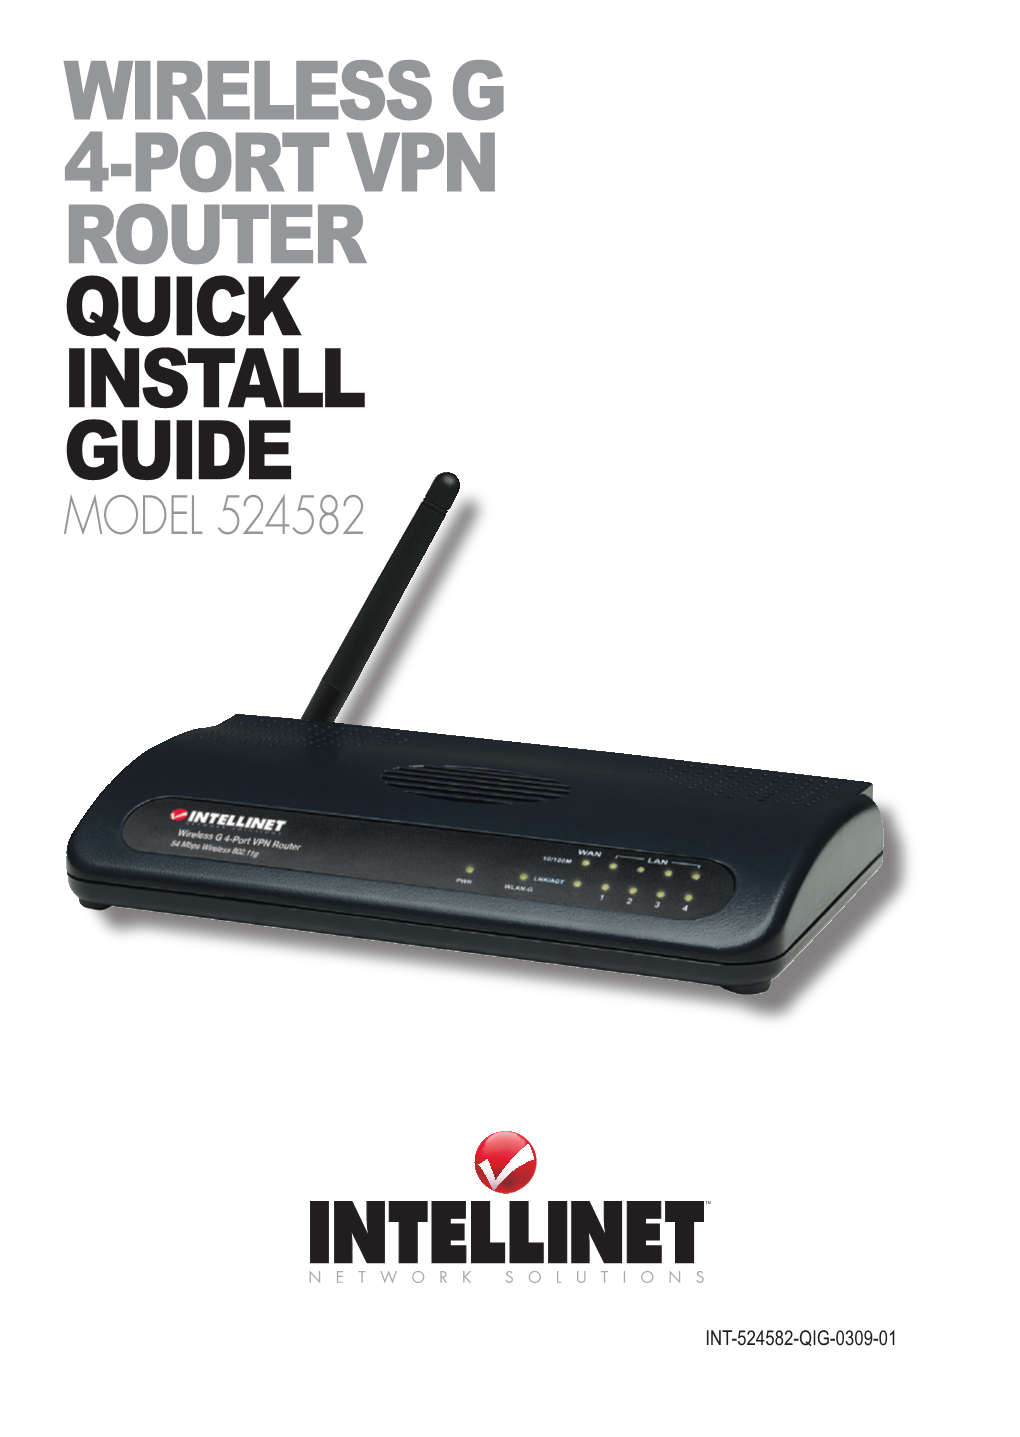 Wireless G 4-Port VPN Router Quick Install Guide Model 524582
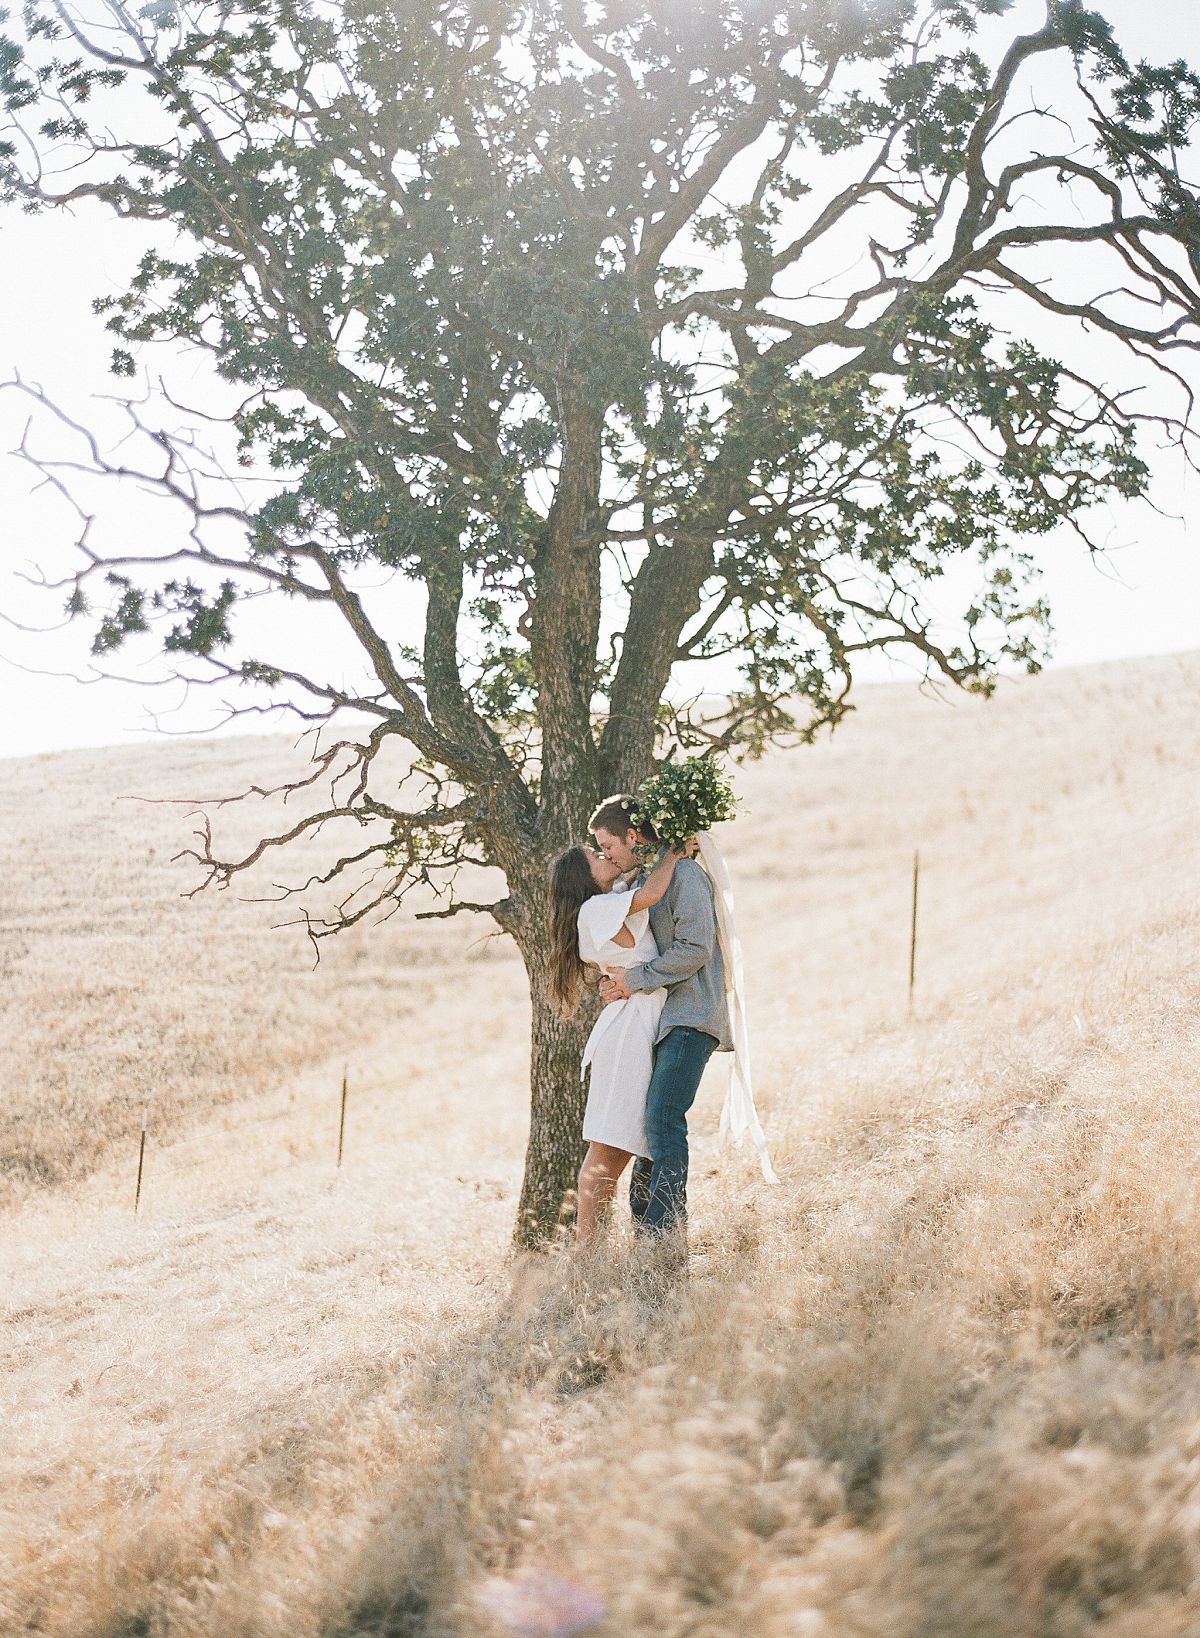 Lifestyle Engagement Session in Southern California
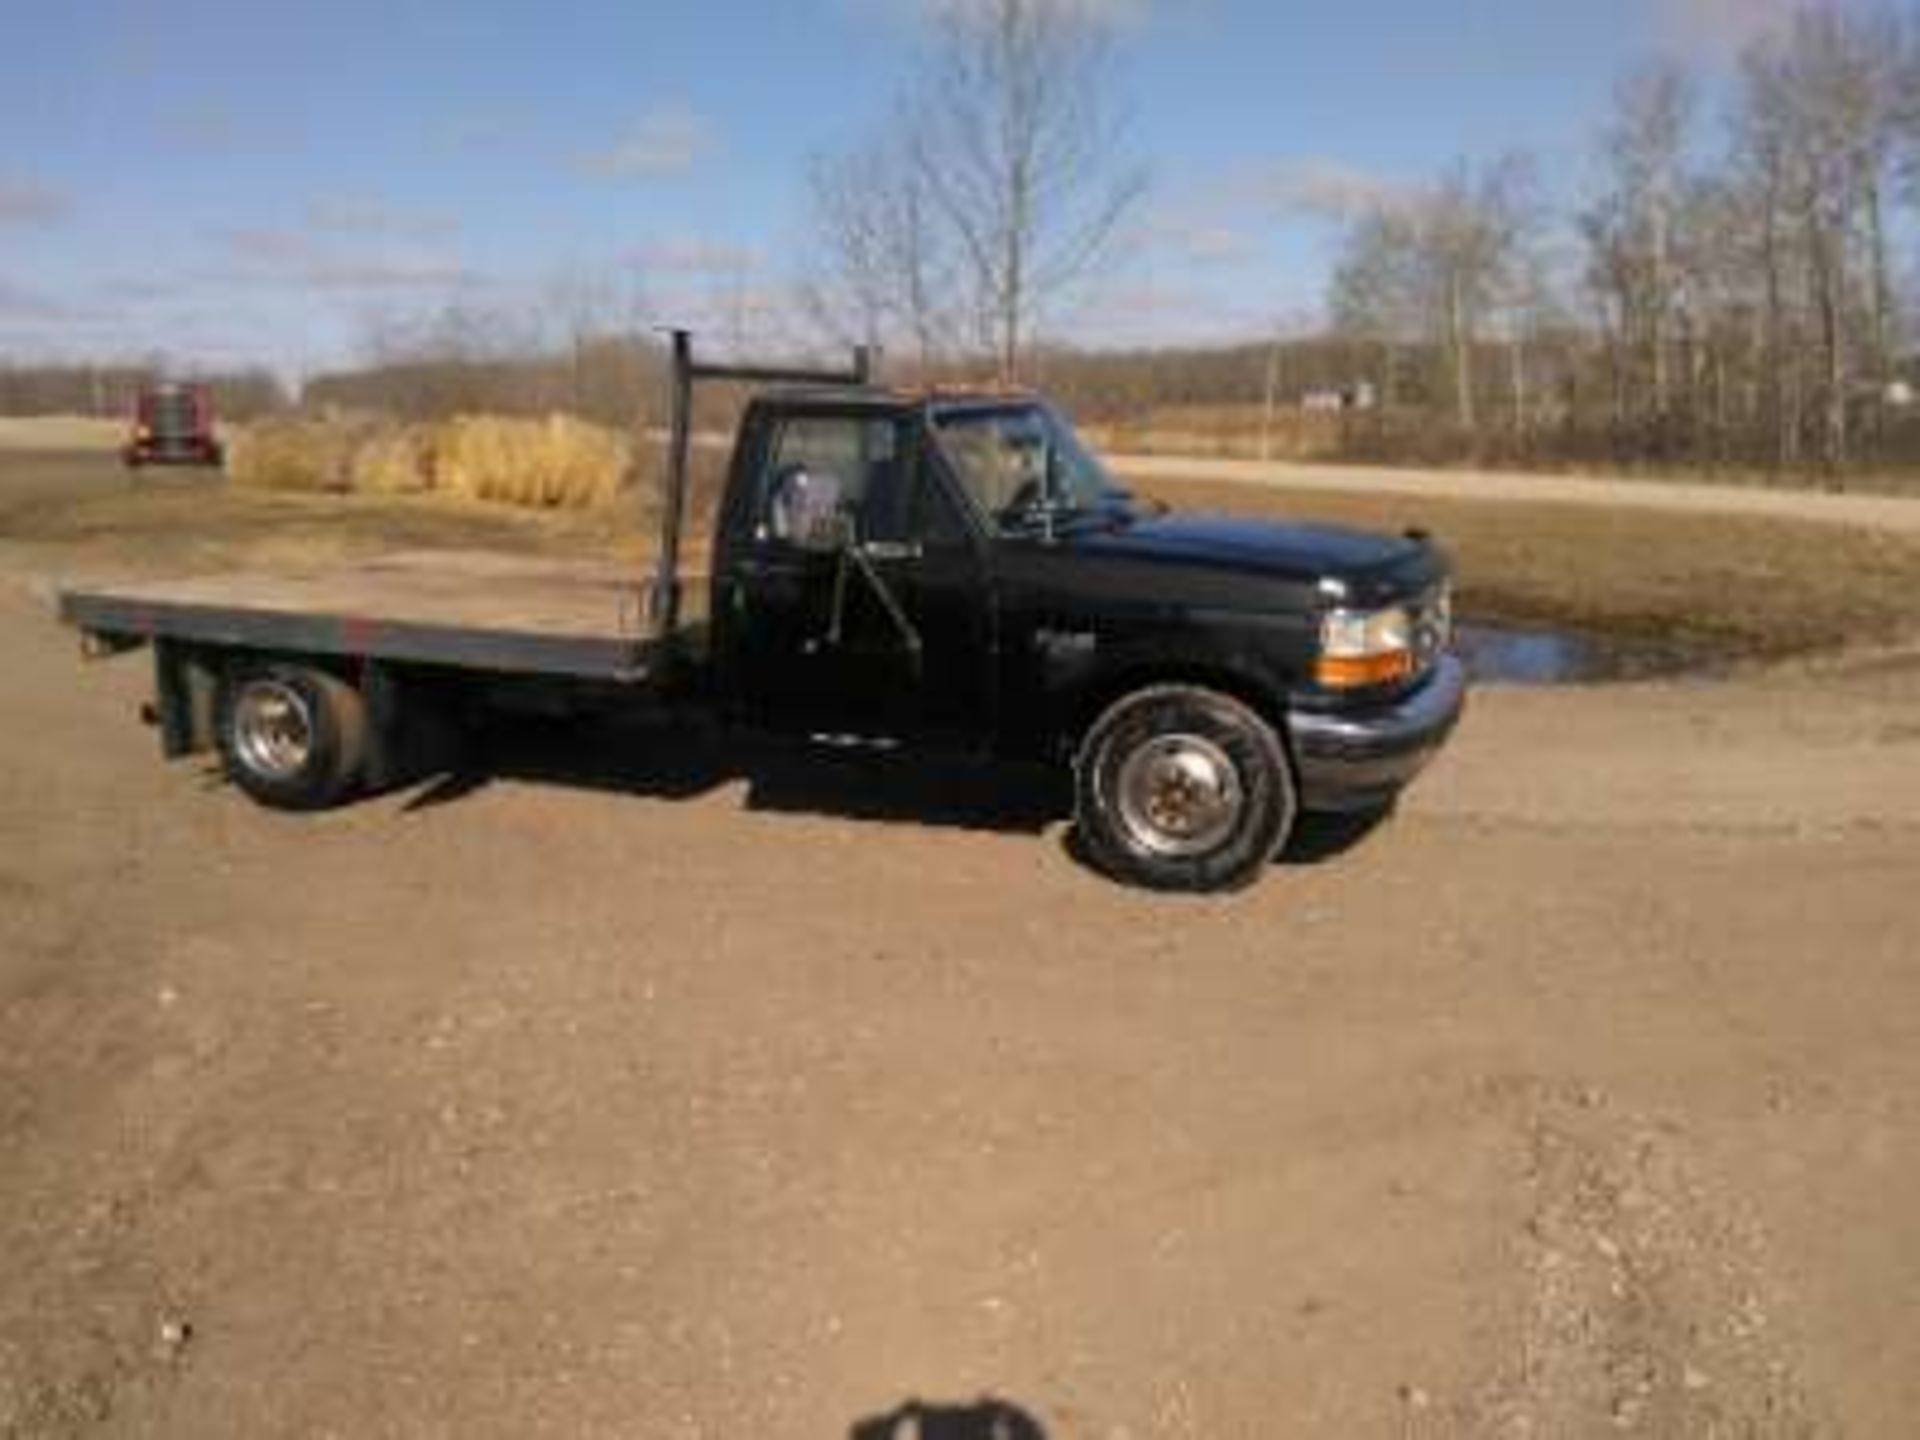 1994 F350 Turbo Dsl Truck w/flat deck, 238106kms (previously registered in Sask) - Image 2 of 5
+===+
### Assigned task
Write out all the material verbatim, images excluded.

### Exercise result
 Wireless G 4-Port VPN Router Quick Install Guide Model 524582
 Lifestyle Engagement Session in Southern California
 1994 F350 Turbo Dsl Truck w/flat deck, 238106kms (previously registered in Sask) - Image 2 of 5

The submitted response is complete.